Have I ever told the story of the time we threw a post-college house party and one of my friends had taken charge of making the mix CD for it, and as the night wore along I kept stopping in my tracks as each new song would start, so that I could tell whoever was within earshot “I love this song!!!” as if it were fortuitous serendipity influencing the whims of a DJ, and not a mix my friend had specifically put together based on solicited input including my own? Good times.

Anyway, the bittersweet part for me in reading a 90’s rundown like this is how those musical artifacts are gone from my life now. Because they were never really mine to begin with. One of the things I really like about the typical American college experience is how communal everything is. If one person has a car, then a circle of, like, four to seven friends has access to transportation as needed. Most roommates are pretty good about sharing the comforts of home, which was definitely true in my case, and lucky for me that it was. I never really acquired a ton of stuff as a teenager, and I prided myself on being able to move back and forth from campus to my parents’ every a few times each year with a minimal load of belongings. My roommate was kind of the opposite, and he had every dorm amenity imaginable: a tv, a nicer stereo than mine, a video game system, a VCR, a microwave oven, a mini-fridge, &c. &c. With the exception of my clothes and my books, everything in our dorm room not furnished by the office of residence life belonged to my roommate, from the halogen floor lamp to the Brita water filter pitcher. And that was fine by me! I was welcome to use any and all of it (assuming my roommate wasn’t already doing so) and at the same time I was traveling light through life. I thought it was a pretty good deal.
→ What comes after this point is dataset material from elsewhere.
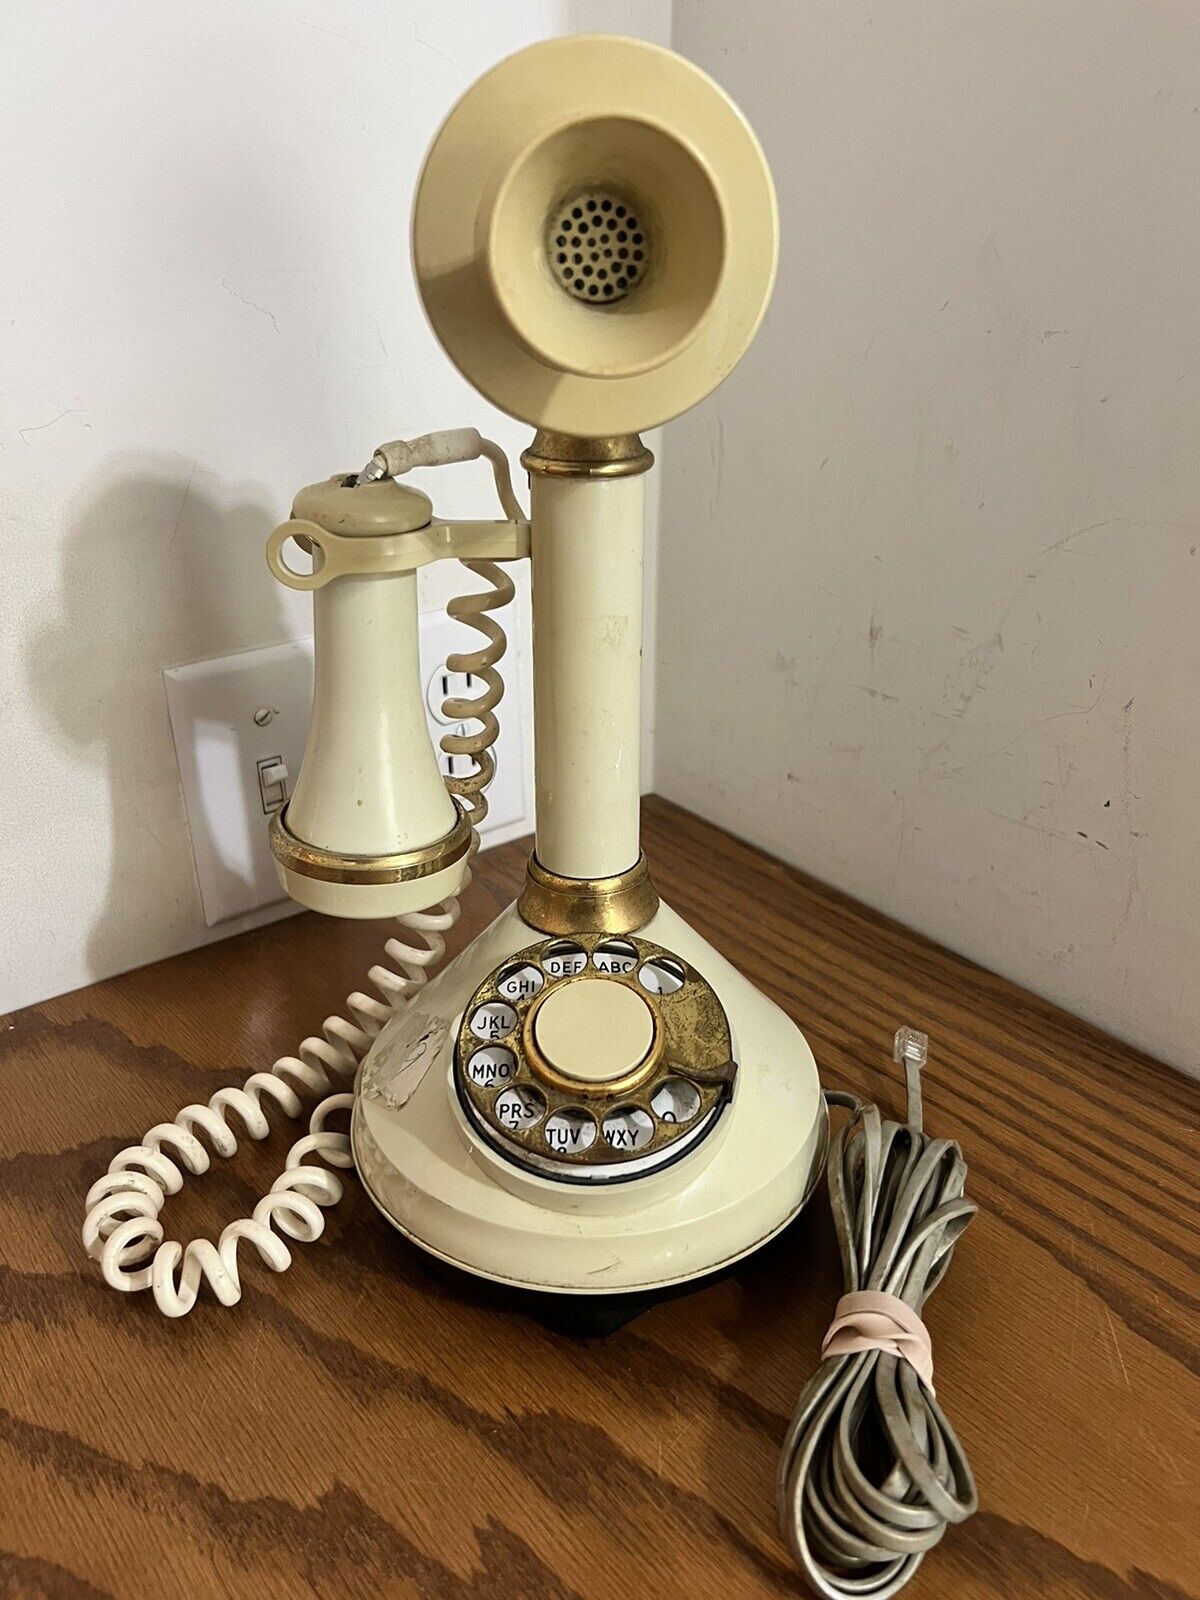 Vintage Original Rotary Candlestick Phone Telephone With Working Dial Tone
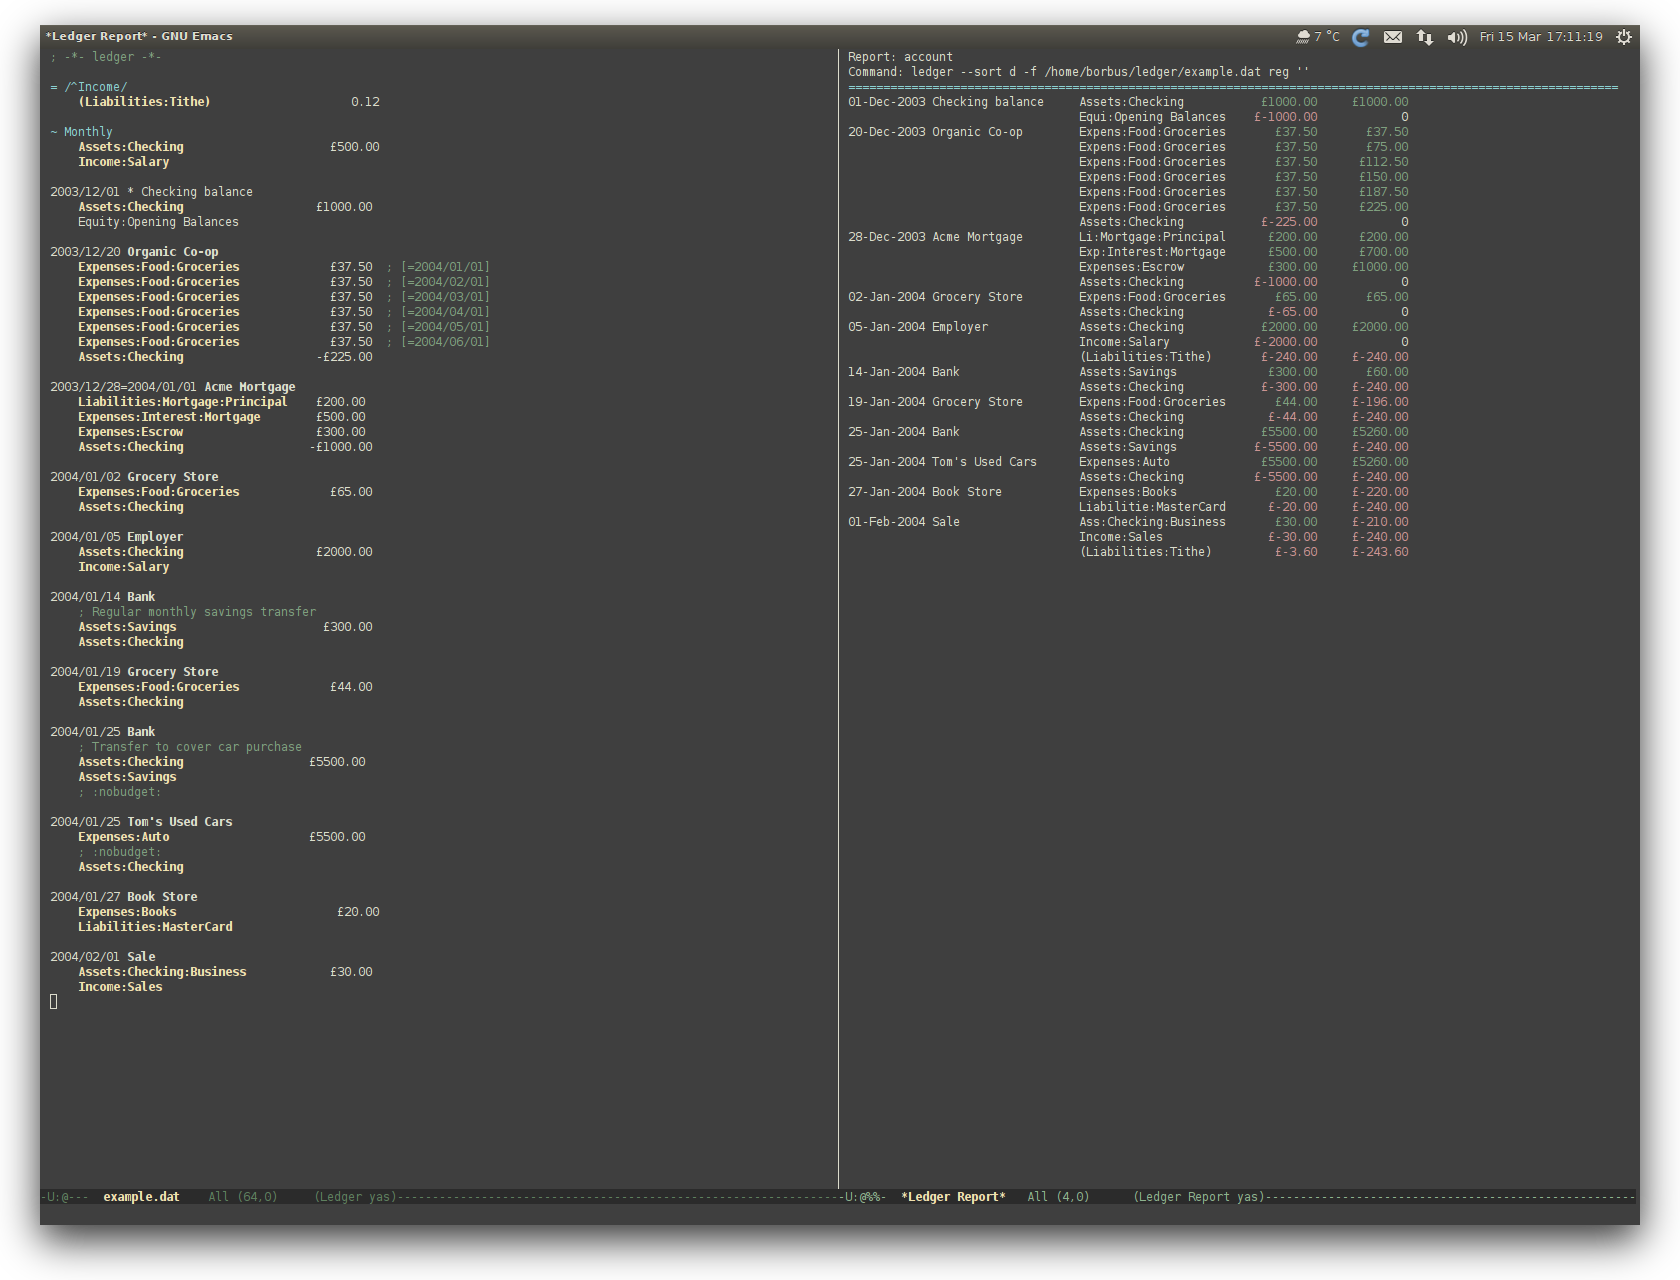 /TakeV/spacemacs/media/commit/8ed77160bb0ad62fb34c2ca2e4000ceecfba362d/layers/finance/img/ledger.png

But the downside, as I say, is that when school was over and we went our separate ways, the big binder full of CDs with the movie soundtracks and the old Monty Python comedy albums and the mid-90’s output of R.E.M. and all certainly wasn’t coming with me. I have my own area rugs and coffee maker now, but those things strike me as grown-up necessities. I could, in theory, go and electronically purchase and download (or, if I was feeling ambitious, physically locate and obtain) as many of the classic mainstays of the old college soundtrack as I care to, but that on the other hand strikes me as an indulgence too far. Ah well. The memories will have to suffice, which is fine, since I know all the words to all the songs by heart.